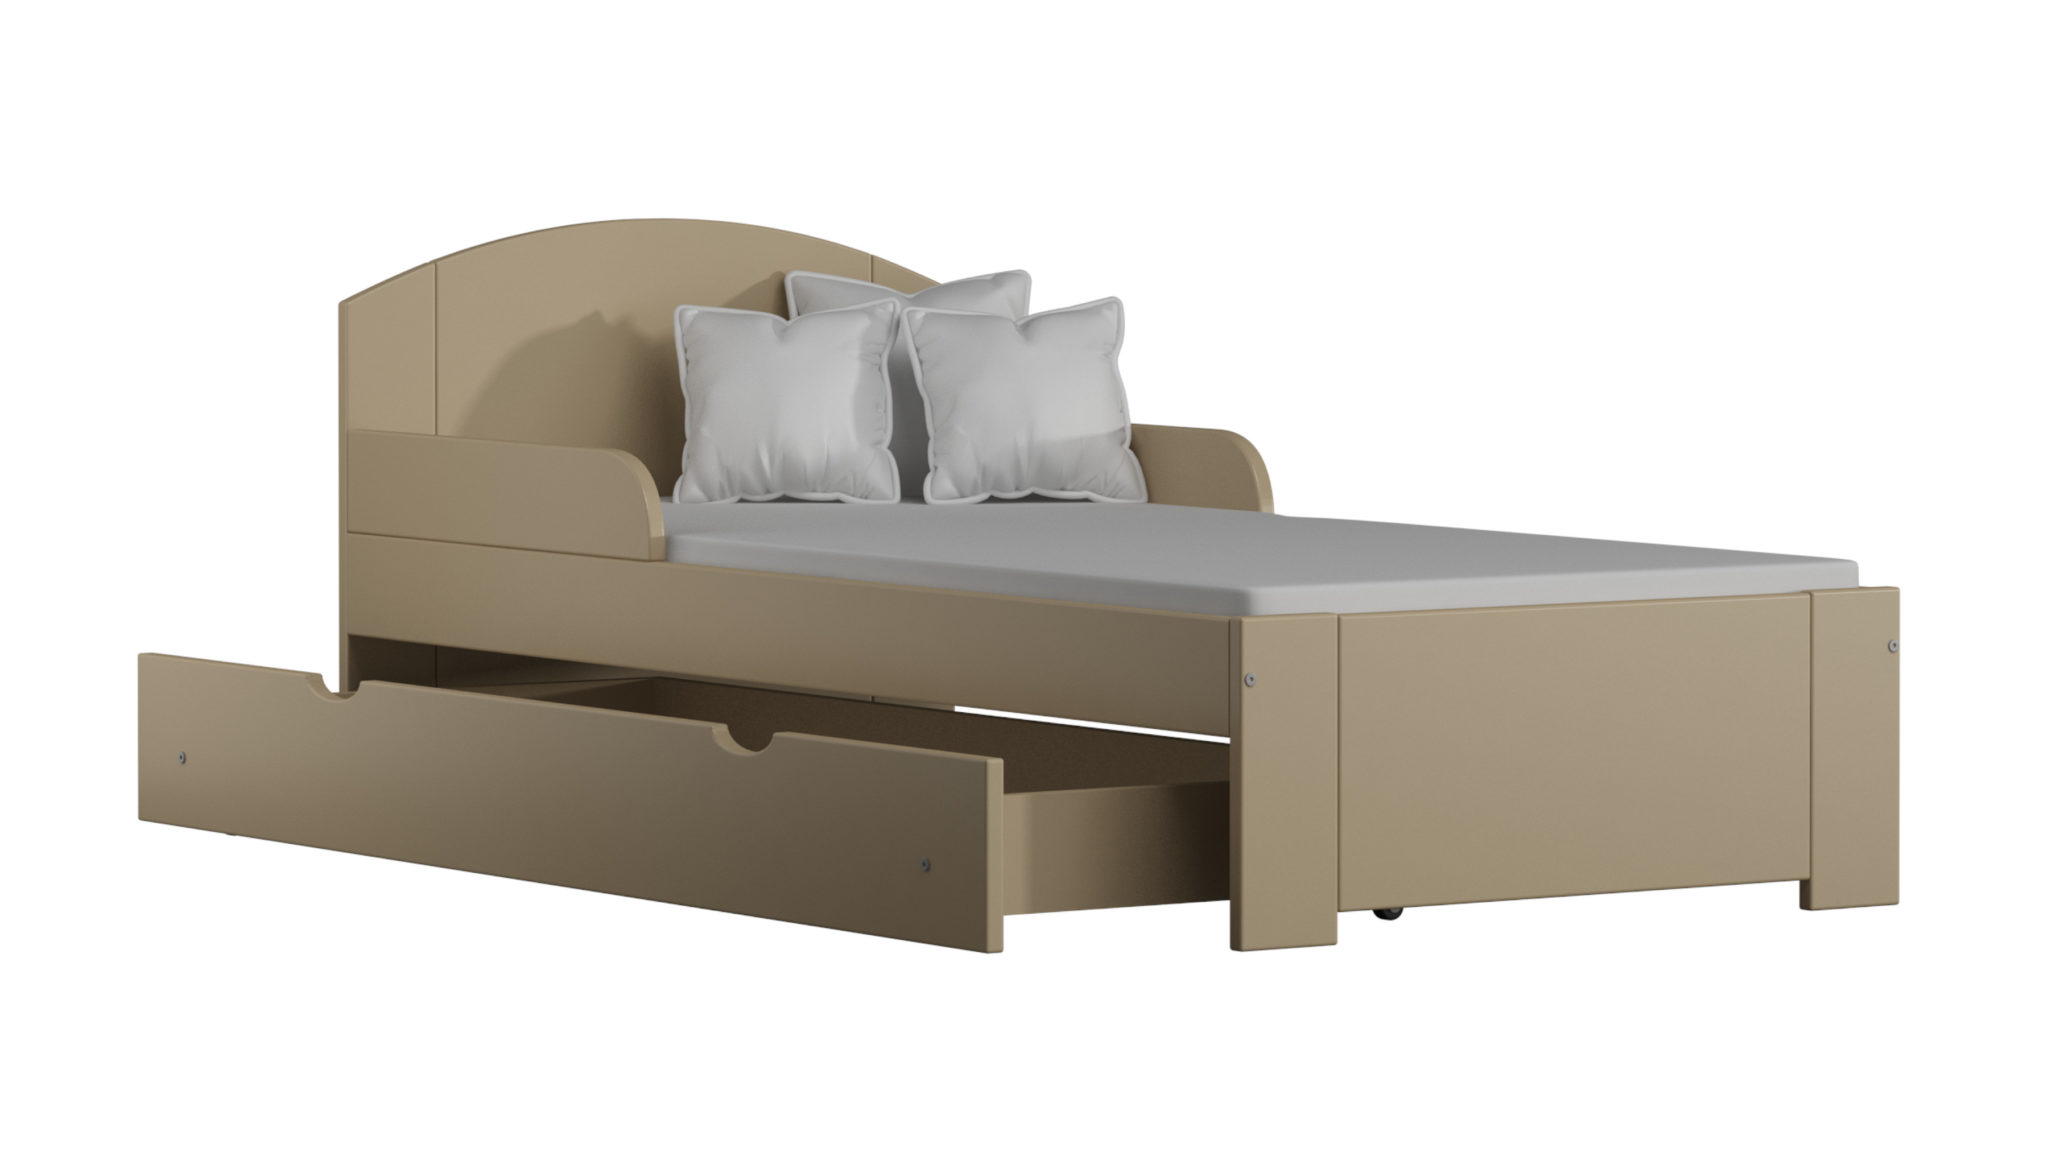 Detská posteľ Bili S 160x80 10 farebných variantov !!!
⁂
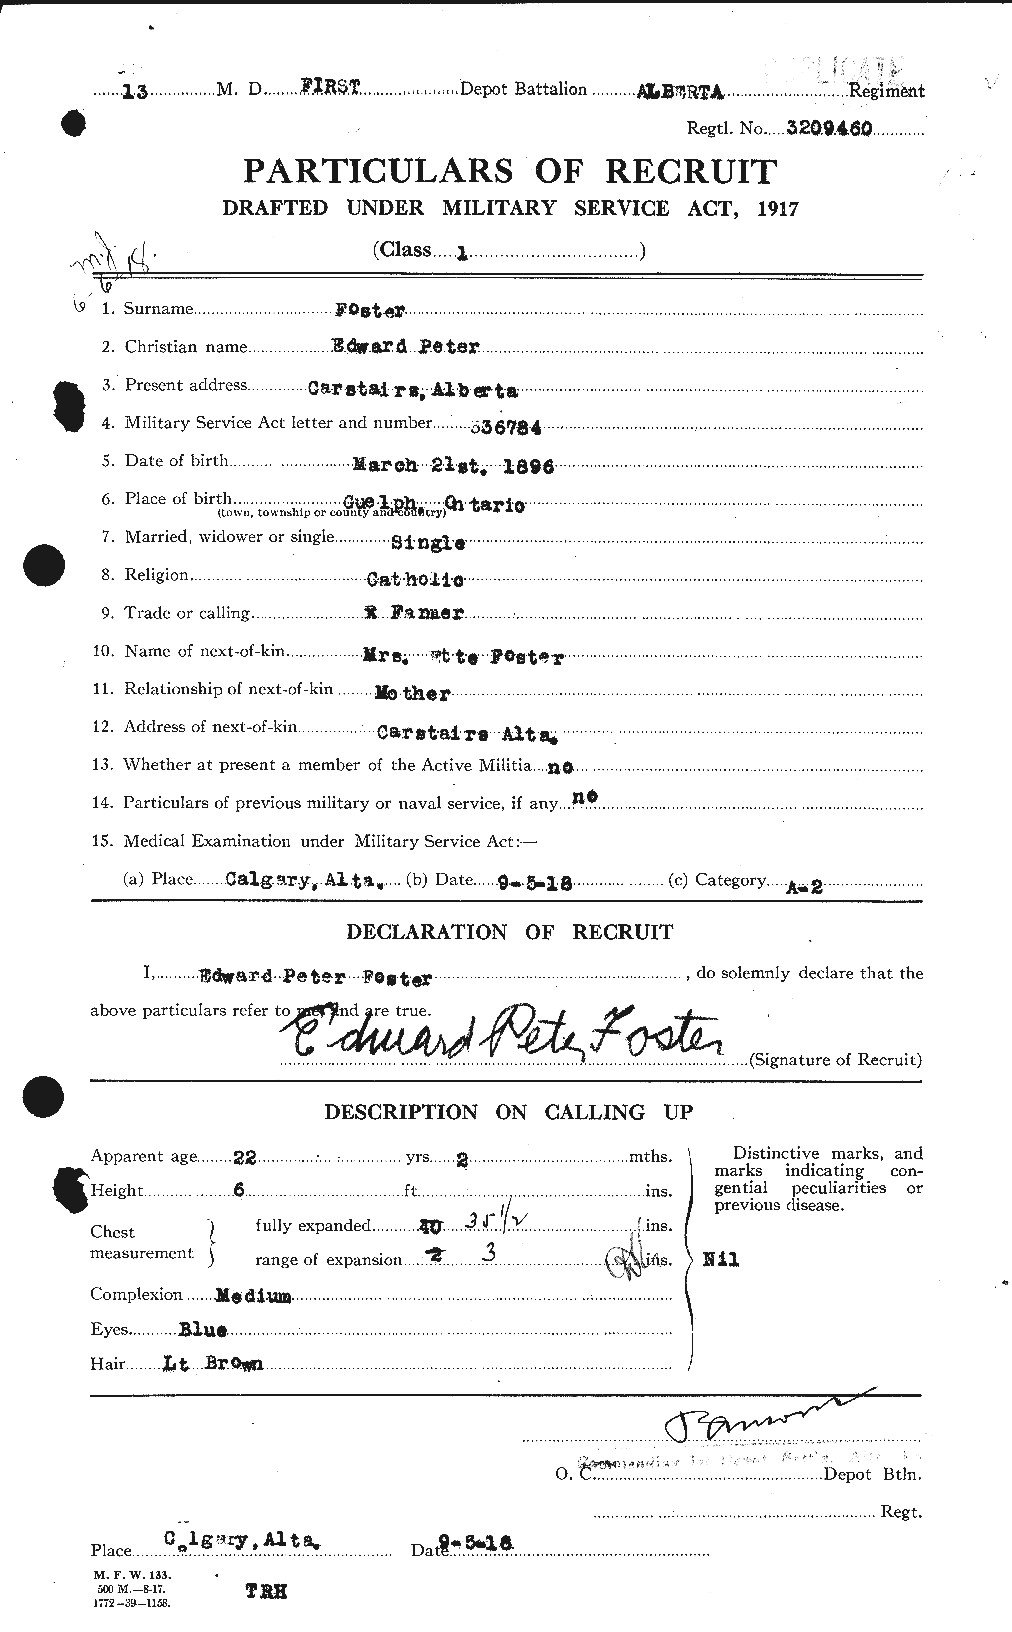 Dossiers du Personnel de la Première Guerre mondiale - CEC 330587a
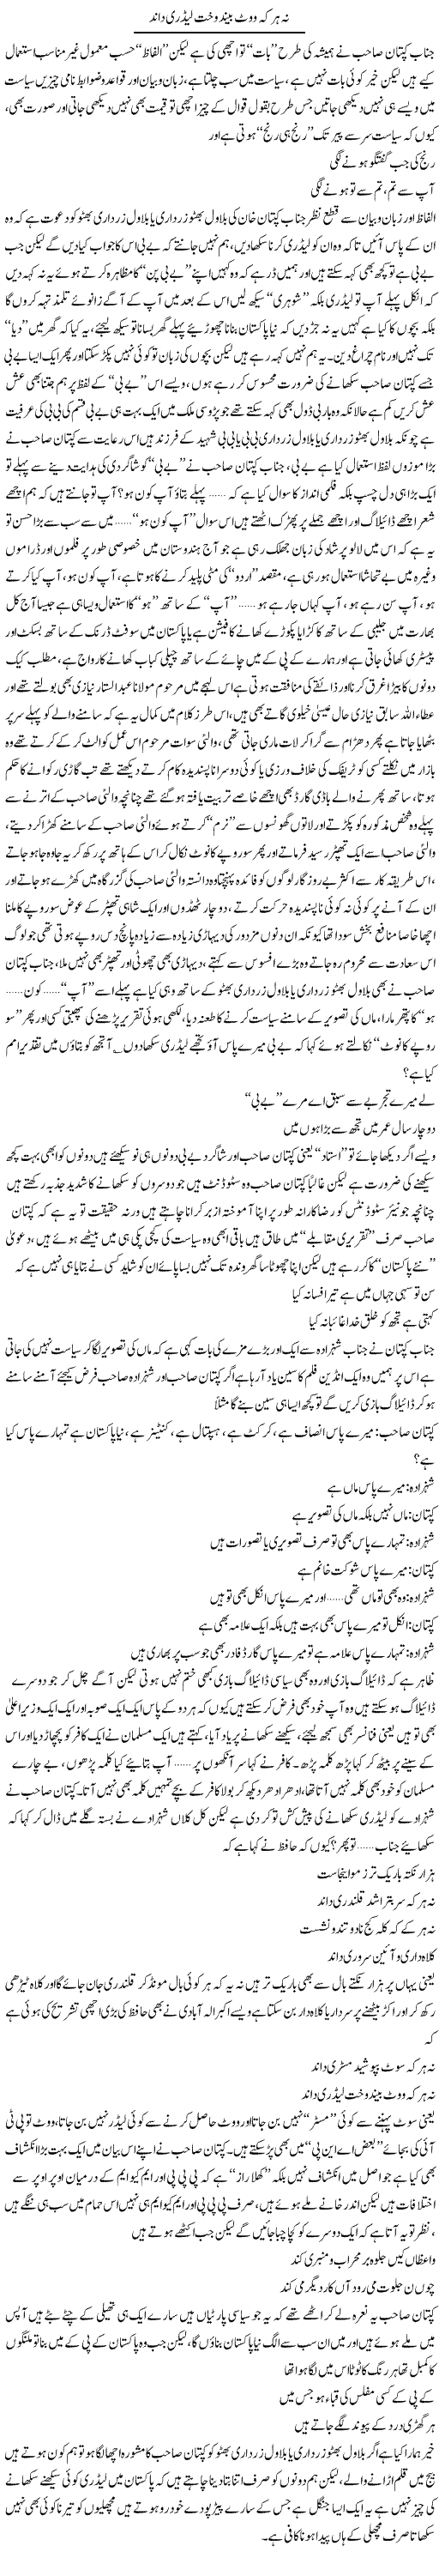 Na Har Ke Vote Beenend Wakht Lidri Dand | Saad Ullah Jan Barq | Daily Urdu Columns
⁂
In the listing above, find the line with "Dossiers du Personnel" and the line with "Na Har Ke Vote". Copy exactly those lines and all between them, minus the images.

▸ Task output
 Dossiers du Personnel de la Première Guerre mondiale - CEC 330587a
 Na Har Ke Vote Beenend Wakht Lidri Dand | Saad Ullah Jan Barq | Daily Urdu Columns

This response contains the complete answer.